Here's the latest in a series of papers that suggests that participants who are attracted to e.g. clinical trials by the pay may be those who have the most trouble evaluating the costs and risks. So high pay should be paired with robust procedures for informed consent.
Ambuehl, Sandro, Axel Ockenfels, and Colin Stewart. "Who opts in? Composition effects and disappointment from participation payments." Review of Economics and Statistics 107, no. 1 (2025): 78-94.
Abstract: "Participation payments are used in many transactions about which people know little but can learn more: incentives for medical trial participation, signing bonuses for job applicants, or price rebates on consumer durables. Who opts into the transaction when given such incentives? We theoretically and experimentally identify a composition effect whereby incentives disproportionately increase participation among those for whom learning is harder. Moreover, these individuals use less information to decide whether to participate, which makes disappointment more likely. The learning-based composition effect is stronger in settings in which information acquisition is more difficult.

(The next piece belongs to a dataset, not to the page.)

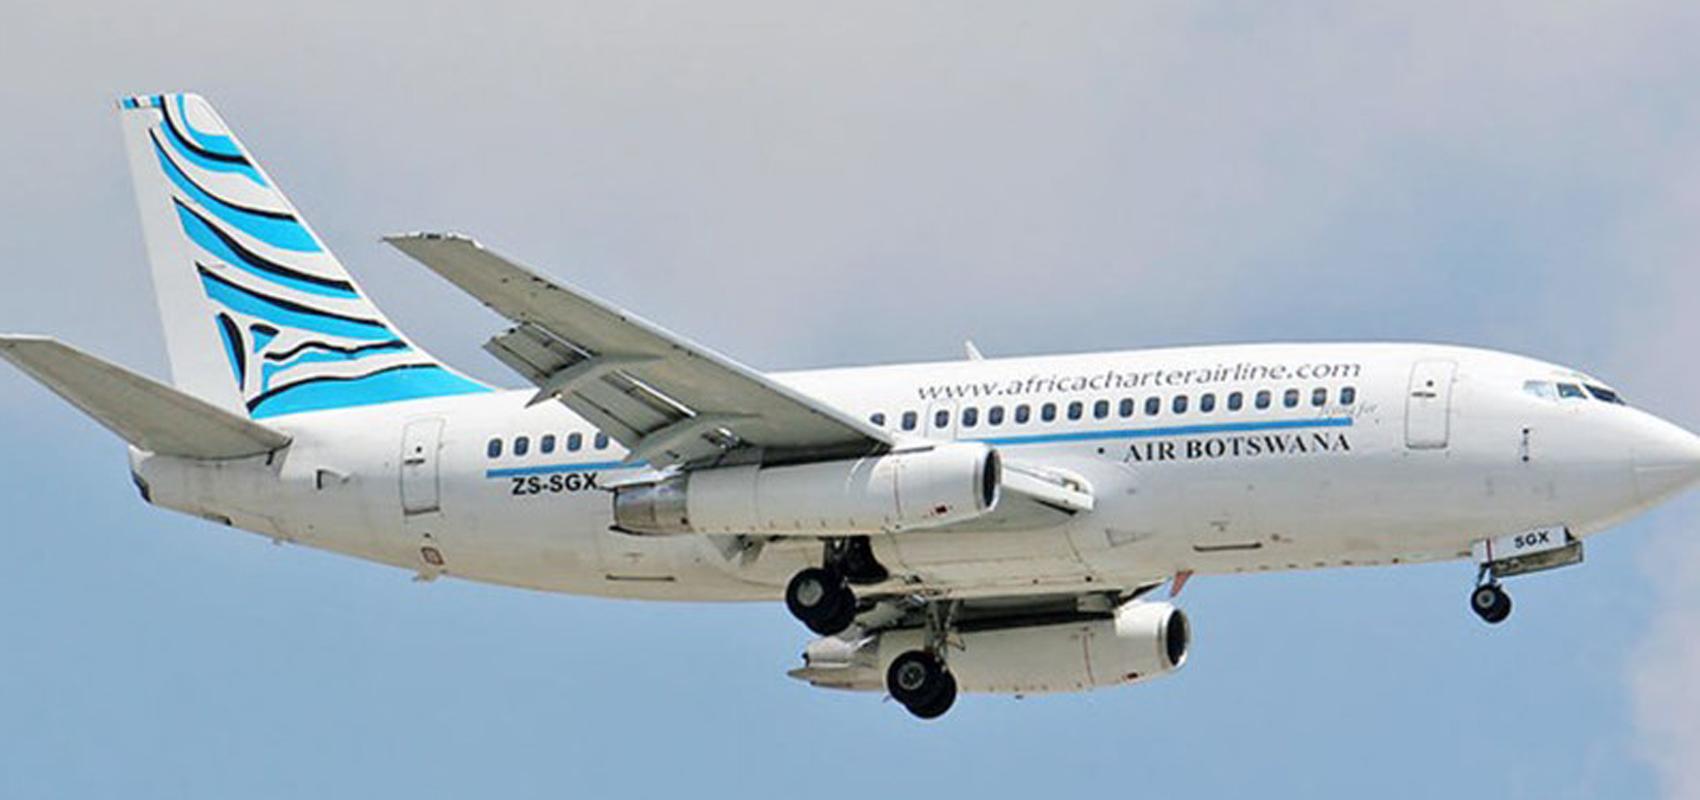 Air_Botswana_Cape-Town_Gaborone_Flights

"we contribute to the burgeoning literature on the moral constraints on markets (Kahneman et al., 1986; Roth, 2007; Ambuehl et al., 2015; Ambuehl, 2022; Elias et al., 2019). Around the world, the principles of informed consent are fundamental to regulations concerning human research participation, as well as to transactions such as human egg donation, organ donation, and gestational surrogacy (DHEW 1978, The Belmont Report, 1978; Faden & Beauchamp, 1986). According to these principles, the decision to participate in a transaction is ethically sound if it is made not only voluntarily but also in light of all relevant information, properly comprehended.3 Our results show that payments for participation can be in conflict with participants’ understanding about the consequences of participation. They further show that the severity of this conflict grows with respect to both the amount of the payment and the difficulty of acquiring and processing information about the consequences of the transaction."